Measure Algorithm Success
Full prompt: Once you have built an algorithm, how do you know that it works well?
Describe the metrics you would use if this was a classification model vs. those you would use for a regression problem.
For classification problems start with a confusion matrix, and then build on it to describe the metrics you are interested in.
For classification, describe how the change in threshold impacts your metrics.
Why isn’t accuracy always a useful metric?
Describe precision-recall curves and how they differ from ROC curves. How do these plots inform how well your model is performing?
We use several metrics to understand how our model works:
- For classification algorithms, we might use accuracy, F1 scores, precision, recall, AUC, or many other metrics. In general, the closer these metrics are to 1, the better your model is performing.
- For regression algorithms, usually MAE or MSE are used. For either of these, lower values are better.
It’s good practice to split your data into training and testing data. This ensures that your “good” metric scores aren’t due to overfitting on the data the model has already seen, but are instead picking up on trends that can generalize to new data.
Eventually, your model will be put into the real world. At this point, the actual model metric values may matter less. Ultimately, there are business metrics you care about driving (e.g. increase in conversion rate, revenue, and engagement). These metrics guide your model once it is moved out of training and launched into production.

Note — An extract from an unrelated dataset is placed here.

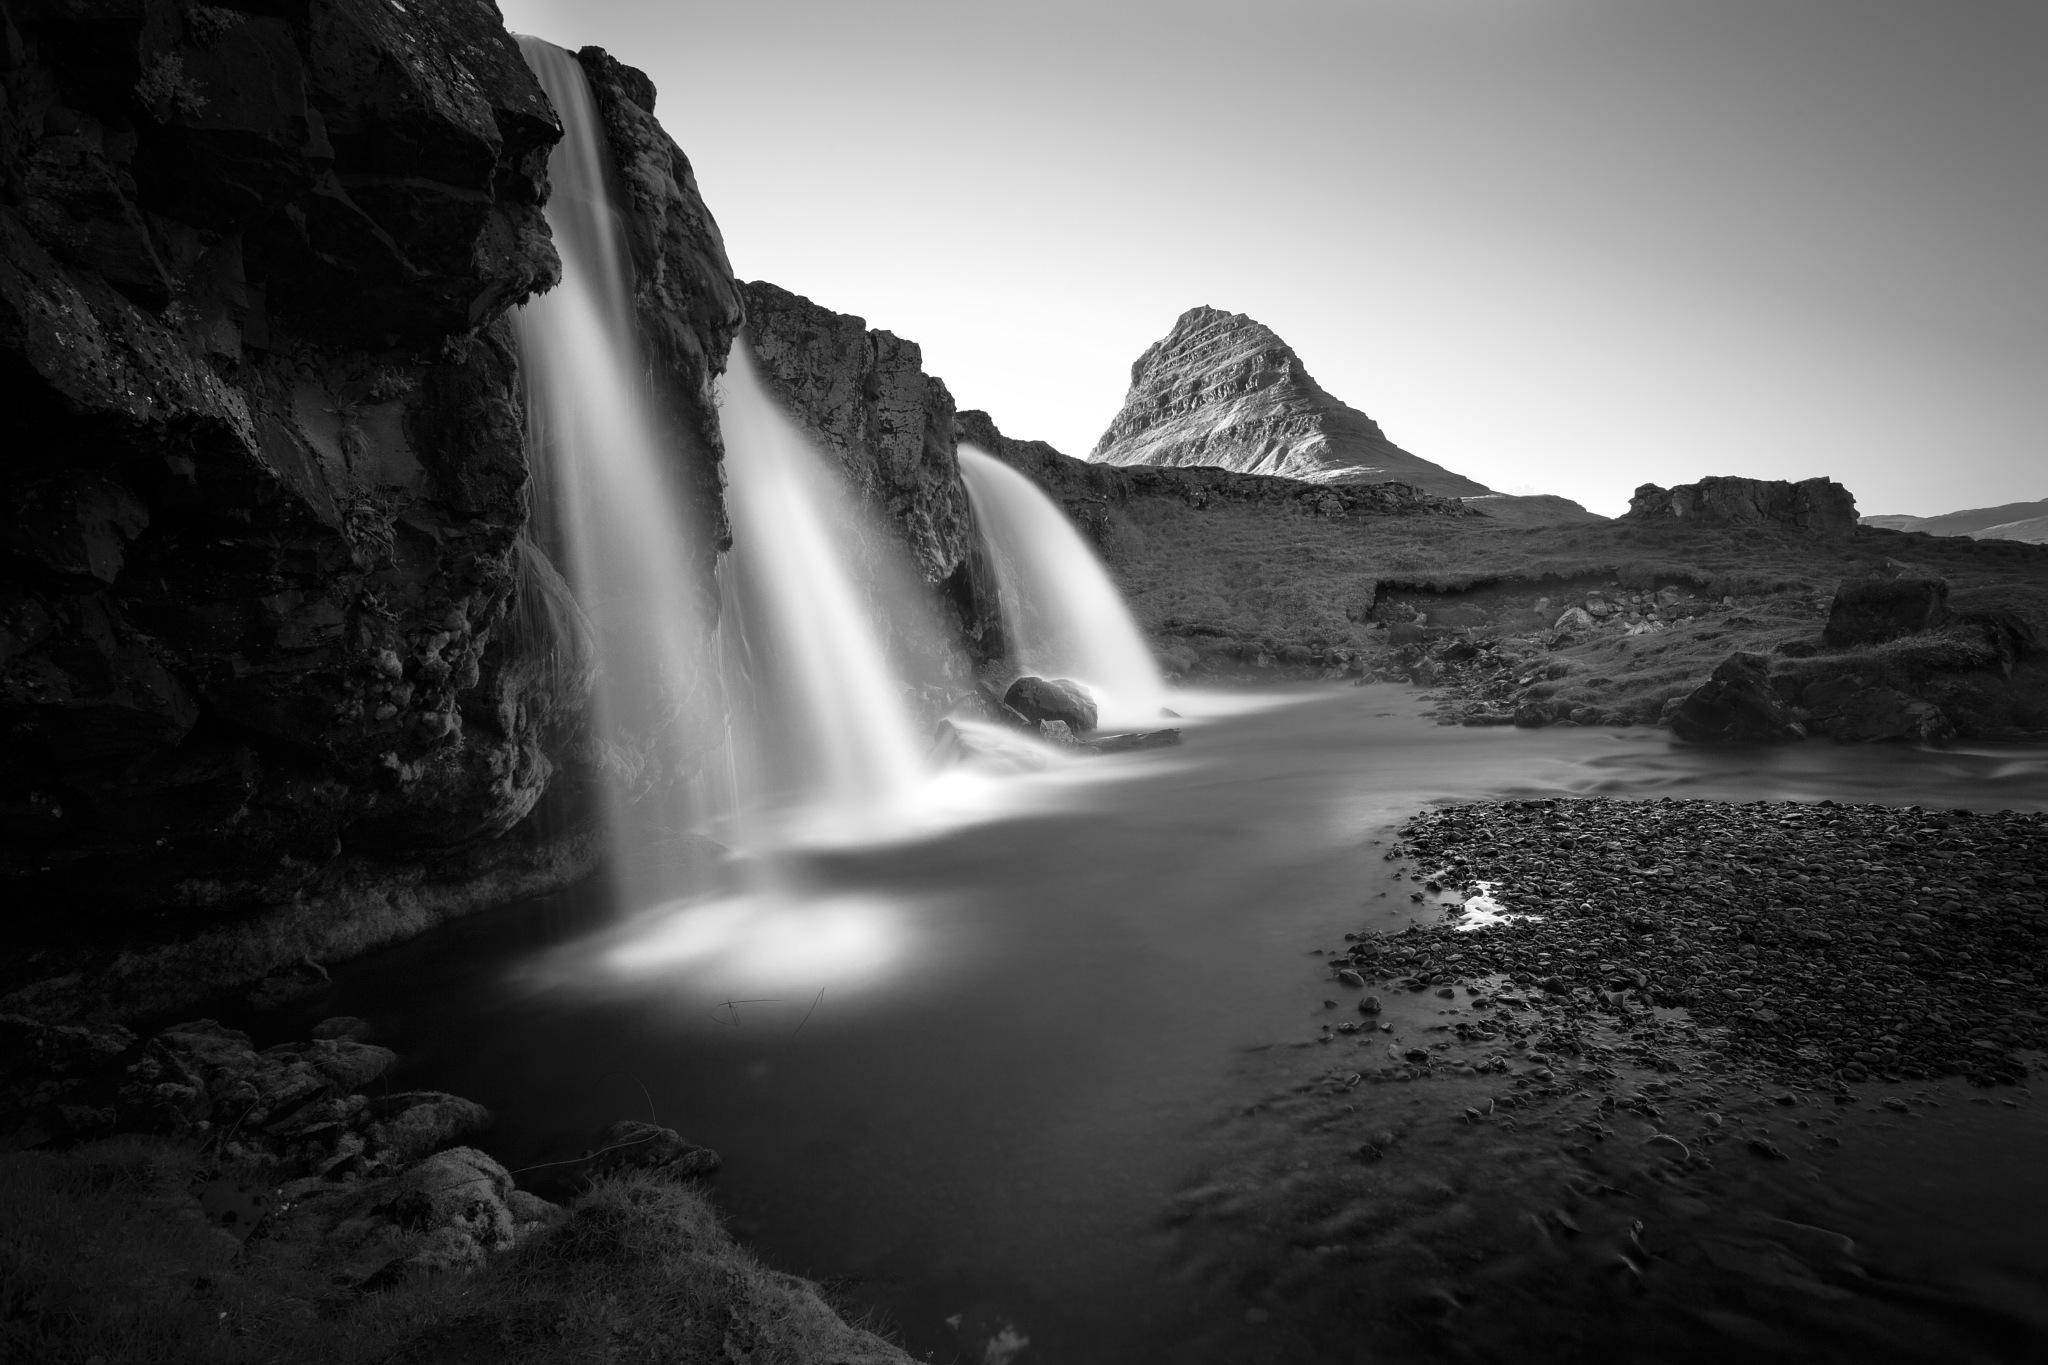 kirkjufellsfoss by LidiaVanhamme

What makes this answer effective
This answer shows an understanding of different metrics, the risk of overfitting, and the importance of considering real-world business implications.
Other considerations
With more time, dive deeper into the details of the different metrics, especially if the interviewer prompts you to do so. You may also discuss how to monitor metrics over time once your model is deployed into production. For example, you can discuss metric movement from feature updates or model drift.